Worst of all, I know that I am completely out of control when four letter words start popping out of mouth, unfortunately sometimes in front of my kids. In my past, I used to joke that my language would make a sailor blush (apologies to all the sailors who aren’t foul-mouthed).
In various stages in my walk with Christ, I have gained much control over my mouth and the words that waterfall out. I have reigned myself in, with the help of Holy Spirit – learned how to hold my tongue even when desperate to talk, practiced giving others the chance to add their input to the conversation, breaking habits of using bad words as an instant emotion release and as the means to feeling more powerful in the moment.
I’m in a season right now, where I am really struggling with controlling my tongue. As a solo mom of three wonderful, yet very high spirited and strong willed children under the age of five, I am exhausted, overwhelmed, stressed out, stretched too thin, did I mention exhausted…and running on empty makes it much harder to control those outbursts in the midst of repetitive daily frustrations.
It is said that the tongue can bring life or death and I want mine to be a bringer of life.
Yesappa, Thank You for giving me the gift of words, for allowing me to share with the world through writing and speaking, by teaching Your Word to those who will listen and hear. Lord, help me better control my tongue, that it won’t be venom to my loved ones, but that it will build-up and encourage. Help my words bring life to my husband, my children, my family and friends, and even the people who seem to be my enemies. Remove the curses from my mouth and fill me with words of love, peace, patience, kindness…and when all that bubbles up is unedifying, help me hold my tongue, keeping silent, instead of lashing out with my two-edged sword. In Jesus’ name. Amen.

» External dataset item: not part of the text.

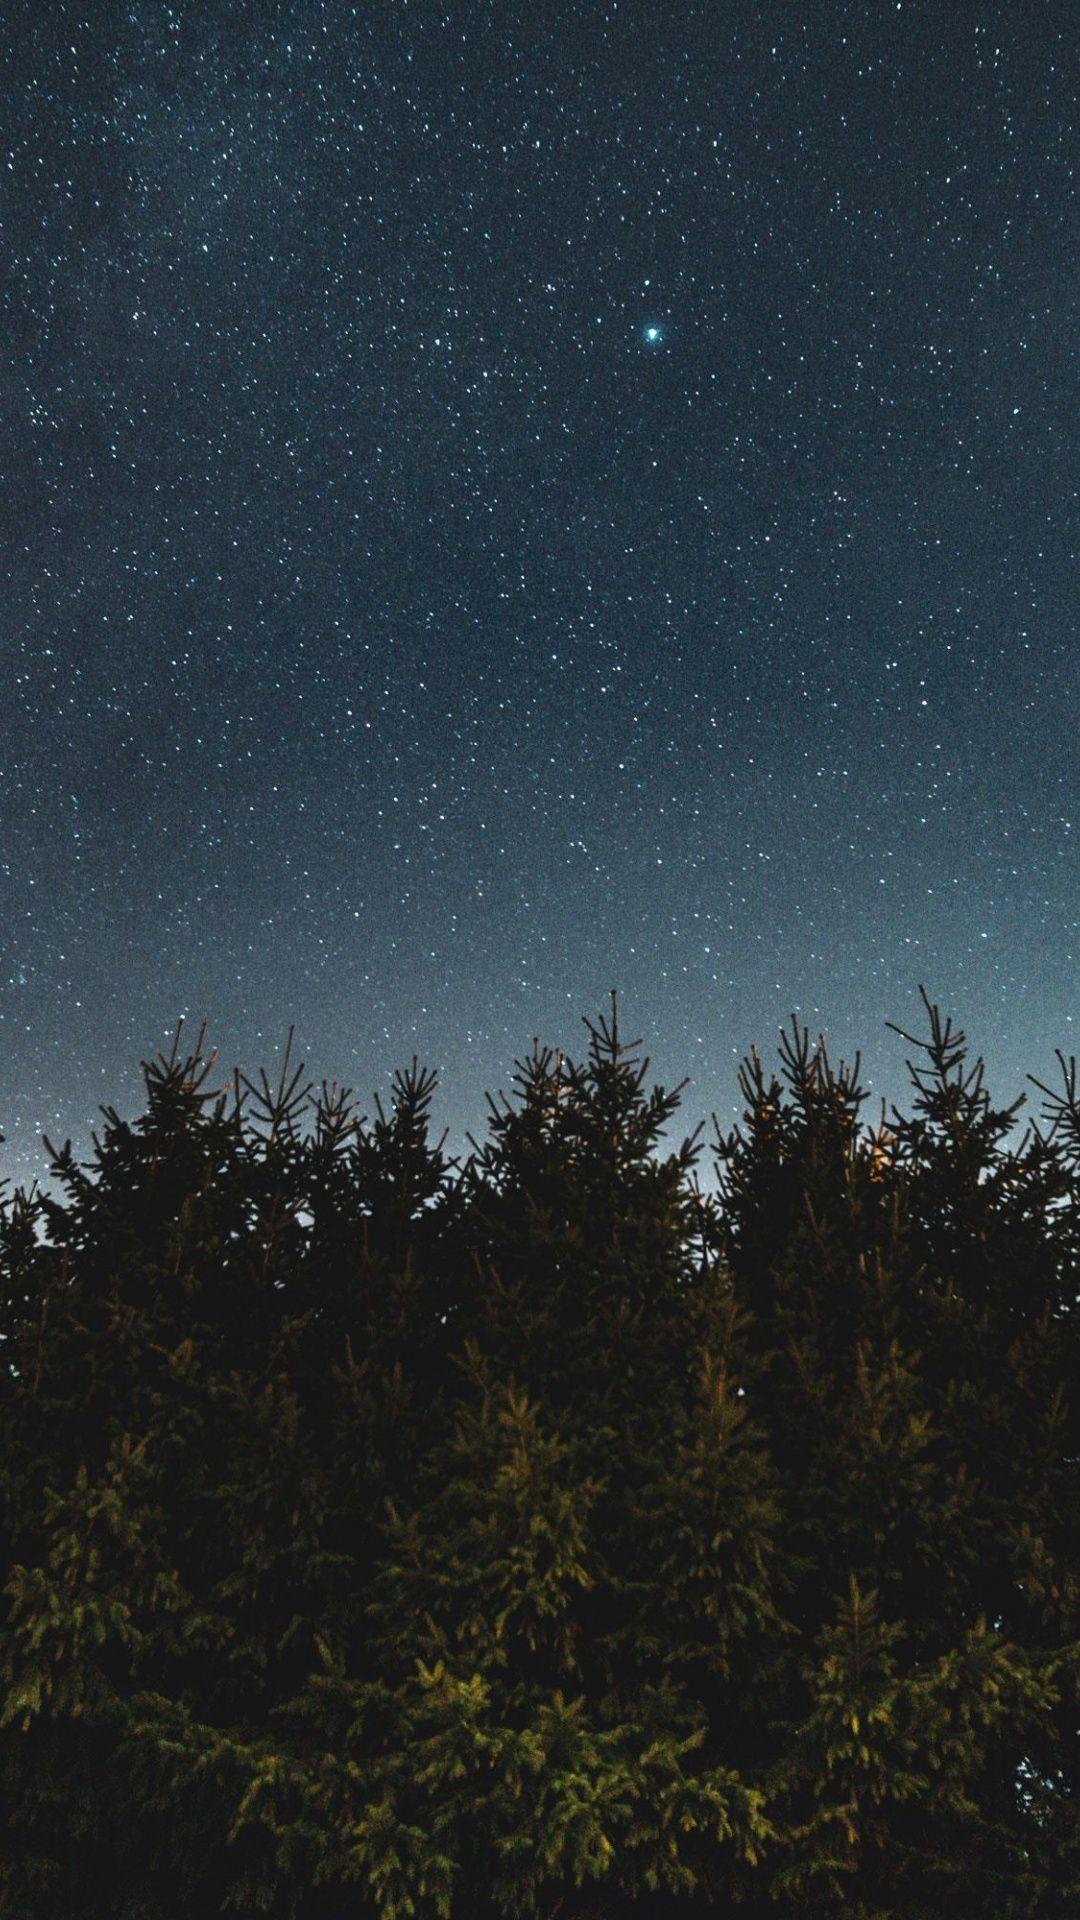 Nature Starry Sky Trees Night 1080x1920 Wallpaper Night Sky Wallpaper Galaxies Wallpaper Night Sky Photography

Blessings – Julie, Sholavandan, India (written in the U.S.A.)
Unless otherwise indicated, all Scripture quotations are taken from the Holy Bible, New Living Translation, copyright 1996, 2004, 2007 by Tyndale House Foundation. Used by permission of Tyndale House Publishers, Inc., Carol Stream, Illinois 60188. All rights reserved.
One response to “Jeremiah 25, 35, 36, 45; Psalm 133; James 3”
I love what you have written. I have the same issue and I am known in my family for fighting to get the last word in and have dropped a few f-bombs in my time. Your prayer made me imagine the rivers of wonder, blessing and healing the Holy Spirit might release when my tongue is under his control!